It's an aside but yes, there is computer language. Humans created the computer and the computer language. You don't have the computer to speak the language or the language itself without many prerequisites.

It's a specious move to say that "because things might have been some other way, how they actually are doesn't matter." It's very Rawlsian. It's true that theoretically there's no necessity, but not actually.

But aside from that, this whole argument about whether language is as important (or necessary...?) as concrete, or other material objects (a finicky definition, as language is material, whether spoken or written) is a red herring, and I always feel a bit silly when I engage in the debate. Even if life can go on existing without language, making the leap to life being more important than language is simply a non sequitur. Bear in mind, I'm not even trying to say that language is more important than life, or concrete, or anything else. In fact, my argument is that it's preposterous to make such arguments since you need language in order to conceptualize things like "life," "language," and "concrete." It makes no sense to think of importance outside of linguistic (or at the very least, higher-level representational) cognition. So from there we move from importance to chronology: "well, life existed prior to language, so without life there's no language." To that, I repeat myself:

a) It's not necessarily true that without life there's no language.

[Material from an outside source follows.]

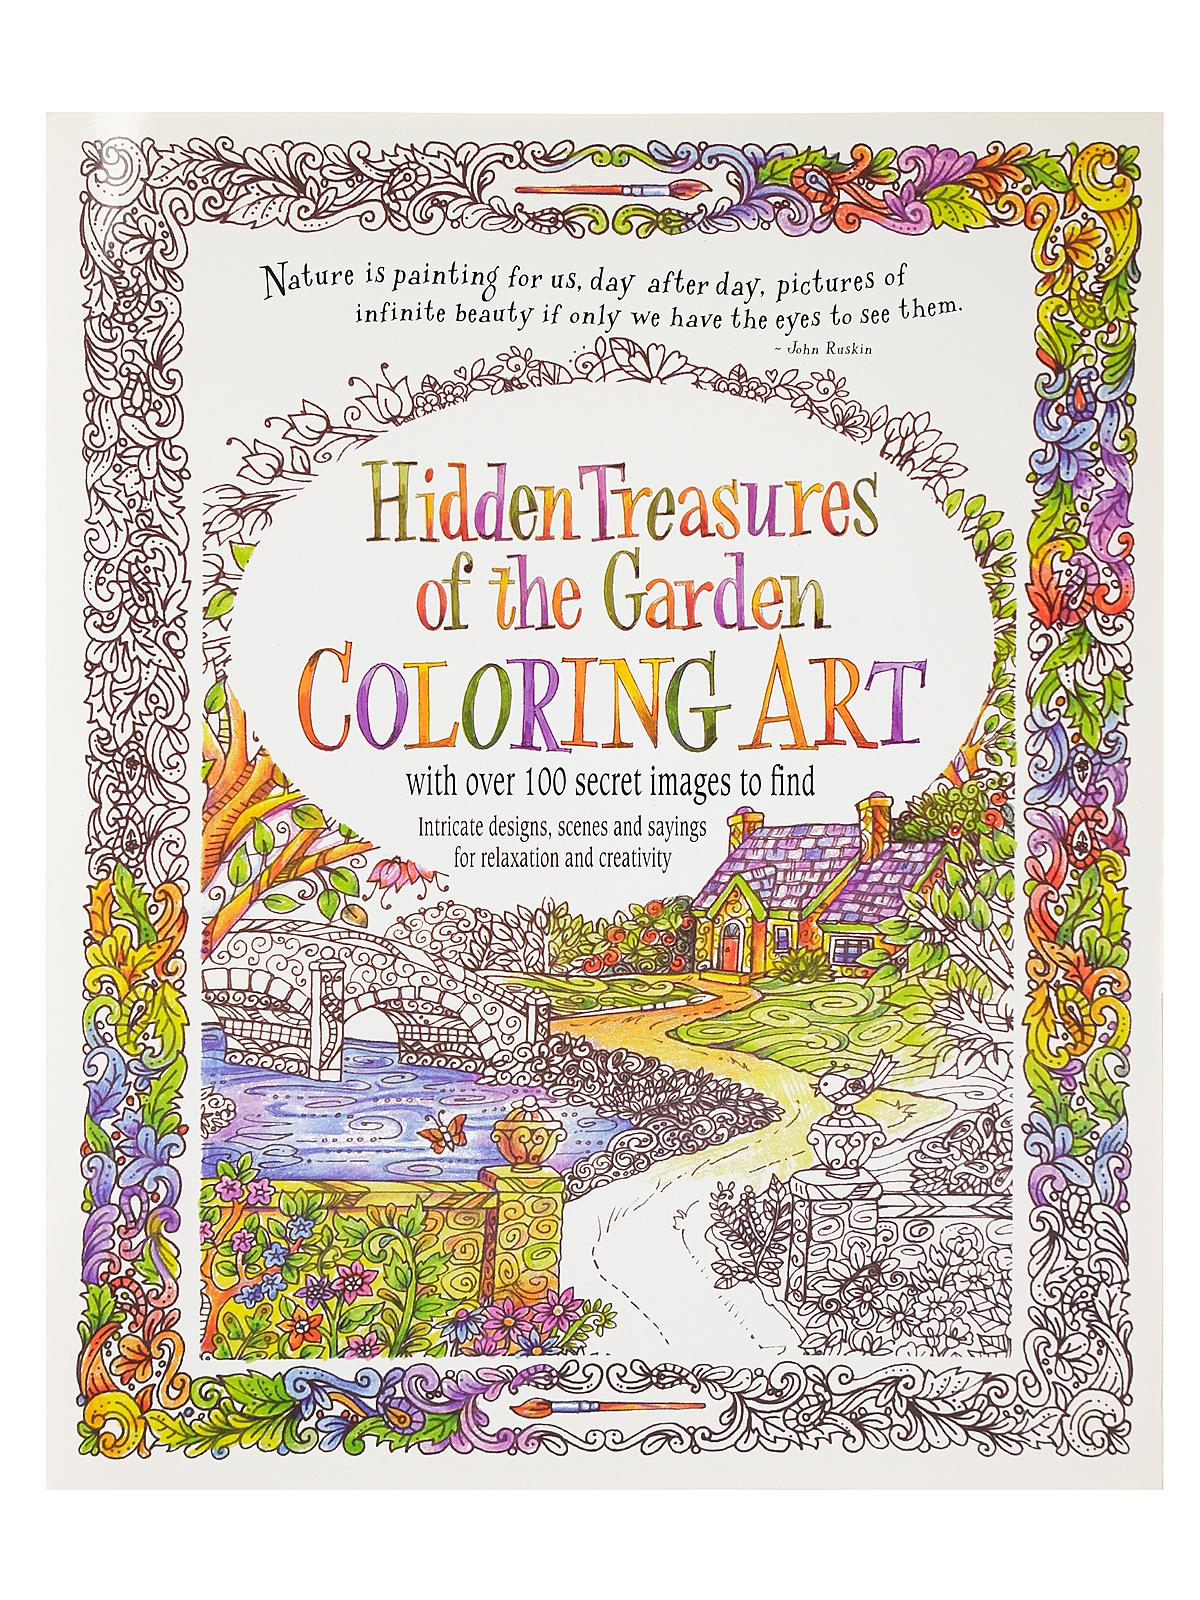 Coloring Art Adult Coloring Books Hidden Treasures Of The Garden
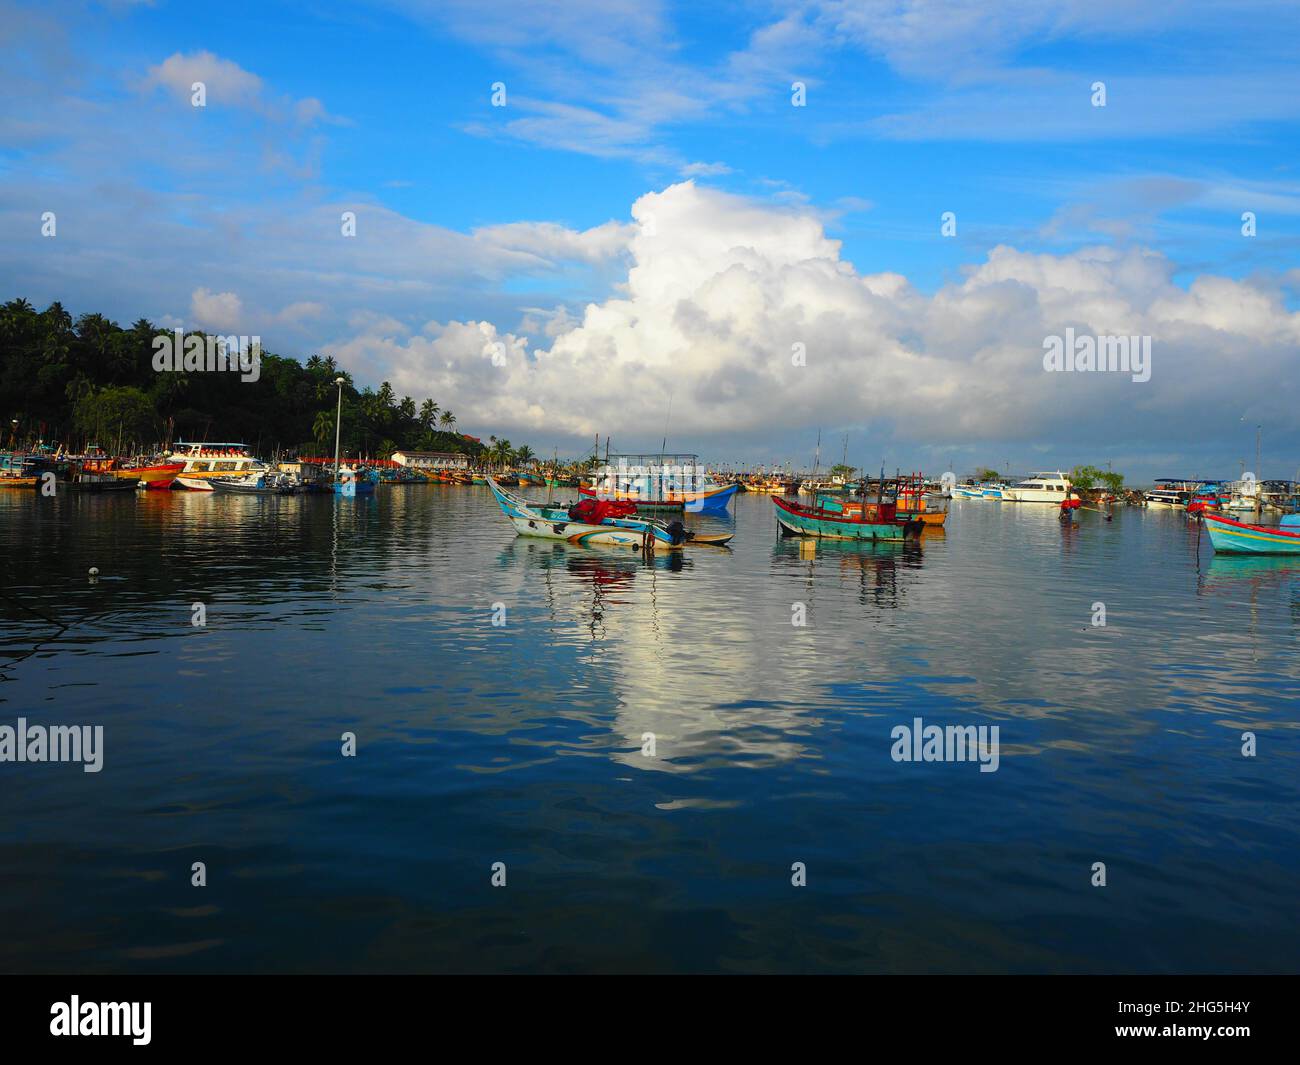 Bunte einheimische Fischerboote, Strand & Ozean Südostasien #Asien #aroundtheworld #SouthEastAsia #SriLanka #Hinterland #Authentic #fernweh #Slowtravel Stockfoto

b) Without language (or some other, comparable expressive/cognitive mode) we couldn't even begin to comprehend what it would mean for life to come first, or exist without language.

It's also not necessarily true that there's no flying spaghetti monster. As far as Point B, I just don't see why you find this to be such an amazing argument. It's like arguing the territory only matters because we have a map. That's quite the perversion of "the map is not the territory."
 
Edit: When I said disembodied behaviors I didn't mean non-material. I was referring to more base substrates than the full human body, animals, etc.

But behavior doesn't end at genes, cells, etc. It extends to more complex behaviors like speech, reading, social etiquette, etc.

It's an aside but yes, there is computer language. Humans created the computer and the computer language. You don't have the computer to speak the language or the language itself without many prerequisites.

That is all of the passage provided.